Understanding Apache Kafka
What is Kafka Connect?
Kafka Connect is a framework and toolset for building and running data pipelines between Apache Kafka® and other data systems. It provides a scalable and reliable way to move data in and out of Kafka. It has reusable connector plugins that you can use to stream data between Kafka and various external systems conveniently.
This article provides a detailed overview of Kafka's architecture and its constituent components. We share several configuration options, code examples, and scenarios. We also discuss some limitations and best practices.
Summary of key Kafka Connect components
Kafka Connect workers
You can configure Kafka Connect as a standalone system with a single worker (server) or a distributed system with multiple workers. Each worker has a unique identifier and a list of connectors and tasks it is responsible for running.
In a distributed setup, workers coordinate task divisions and share metadata and configuration information. If a worker fails, another worker takes over the failed worker's tasks, provides fault tolerance, and ensures data processing is not disrupted.
Code example to start new workers
To start a worker, create a properties file - e.g., connect-worker-mysql.properties Each worker should have a unique group.id
, and rest.port configuration
. These are the mandatory attributes required to set up a worker.
# connect-worker-mysql.properties
bootstrap.servers=localhost:9092
group.id=connect-worker-1
rest.port=8083
key.converter = org.apache.kafka.connect.json.JsonConverter
value.converter = org.apache.kafka.connect.json.JsonConverter
offset.storage.topic=connect-offsets
config.storage.topic=connect-configs
status.storage.topic=connect-status
plugin.path=/bin/mysql-connector-j-8.0.32.jar # connector JAR
Start running a worker from the Installation binary folder of Kafka as follows
$ bin/connect-distributed.sh config/connect-worker-mysql.properties
This command starts a Kafka Connect worker in distributed mode and specifies the configuration file for the worker. Each worker coordinates with other workers in the cluster to distribute the load of the connectors and tasks. Make sure Kafka and ZooKeeper services are running as shown.
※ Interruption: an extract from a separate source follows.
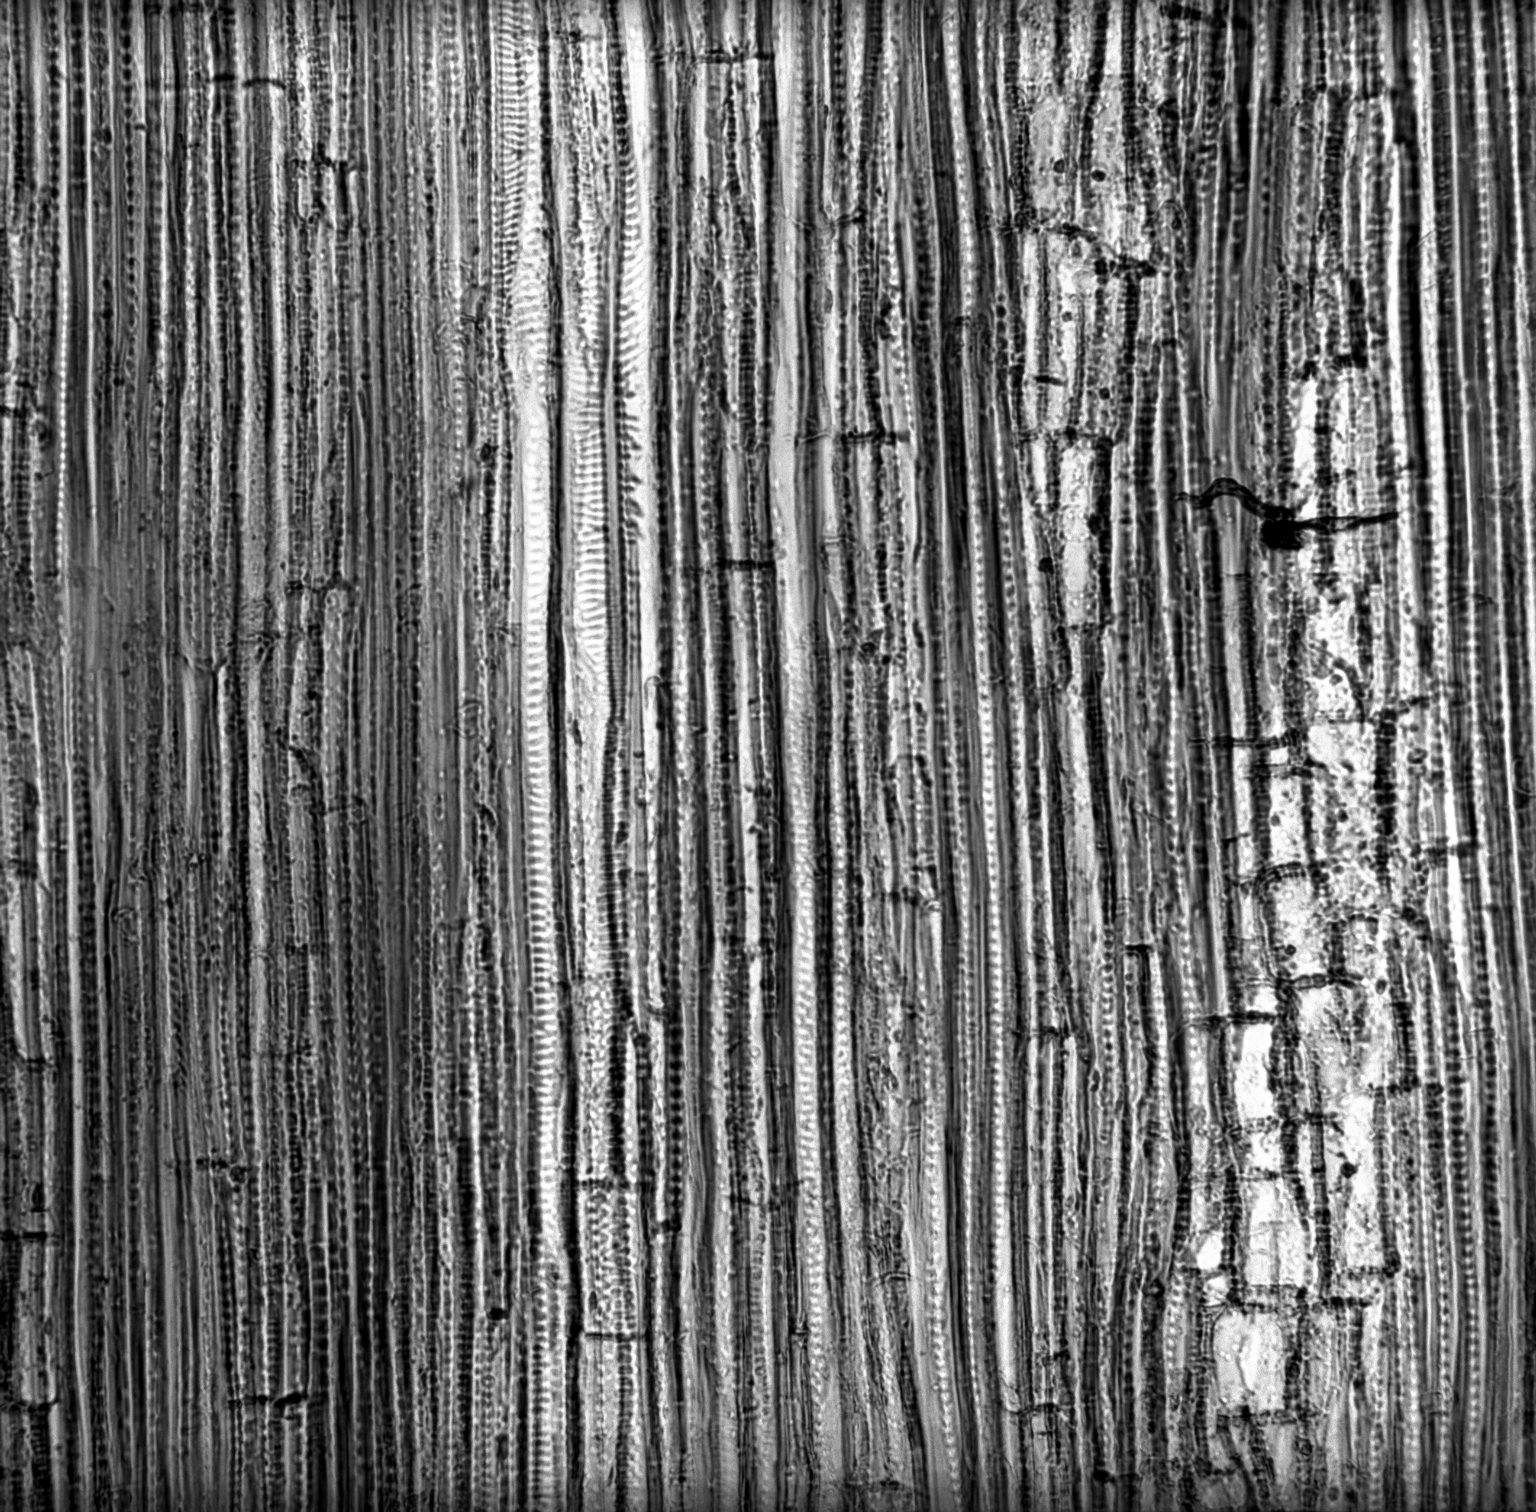 CHLORANTHACEAE Sarcandra glabra

$ bin/zookeeper-server-start.sh config/zookeeper.properties
$ bin/kafka-server-start.sh config/server.properties
[CTA_MODULE]
Kafka connectors
Connectors provide an abstraction layer that simplifies integrating with external systems. They are plugins responsible for establishing connections to external data sources. You can configure each connector to retrieve or push data in a particular way so that it defines the format in which you ingest or emit data.
Types of connectors
Kafka Connect provides two types of connectors.
Source connectors
Source Connectors poll data from external sources such as databases, message queues, or other applications. For instance, a Source Connector for a MySQL database reads changes in the database table and converts them into Connect Records, which are then sent to the Kafka cluster.
Sink connectors
Sink Connectors save data to the destination or sink, such as Hadoop Distributed File System (HDFS), Amazon Simple Storage Service (S3), or Elasticsearch. For example, a Sink Connector for Elasticsearch takes Connect Records from Kafka and writes them into Elasticsearch in the required format.
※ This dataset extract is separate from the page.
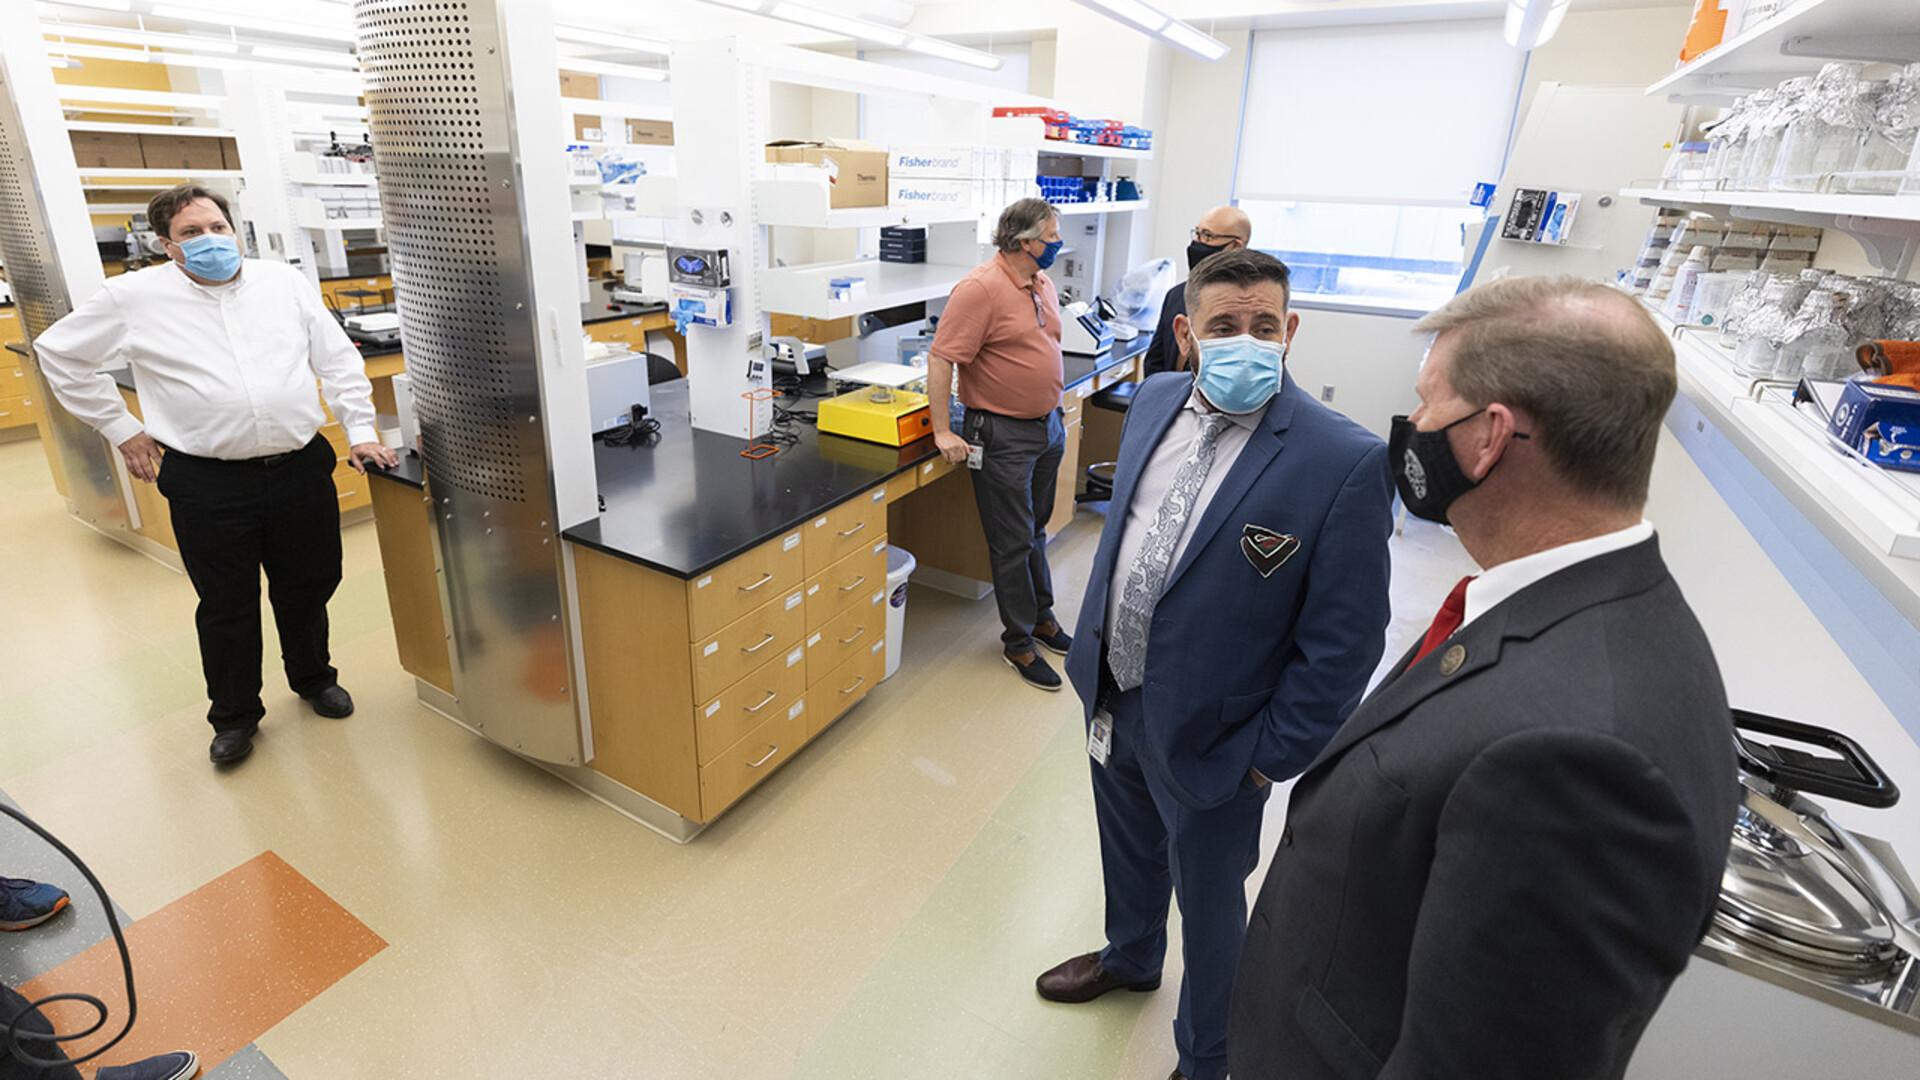 Collaborative Biosecurity Laboratory opens to pursue ag defense research

Code example to set up a new connector
Consider we have an Orders table for an eCommerce company, with 5 columns as shown.
Say we want to set up a MySQL JDBC source connector so that when you add a new row to the orders table, the connector captures the change and produces a message. The message contains the new row data serialized as the below JSON object.
{
"order_id": 12,
"customer_id": 93,
"product_id": 105,
"quantity" : 2
"order_date": "2023-04-11"
}
A connector file mysql-order-connector.json
looks something like below.
{
"name": "jdbc-source-connector",
"config": {
"Connector.class": "io.confluent.connect.jdbc.JdbcSourceConnector",
"connection.url": "jdbc:mysql://localhost:3306/ecommerce",
"connection.user": "root",
"connection.password": "admin",
"mode": "incrementing",
"tasks.max": 3, // Maximum number of tasks the connector can create
"topic.prefix": "topic-", // Prefix to add to topic created by the connector
"table.whitelist": "orders", // Whitelist of tables to include in the connector's scope
"key.converter": "org.apache.kafka.connect.json.JsonConverter",
// Converter class for the key serialization - format of key data be converted
"value.converter": "org.apache.kafka.connect.json.JsonConverter"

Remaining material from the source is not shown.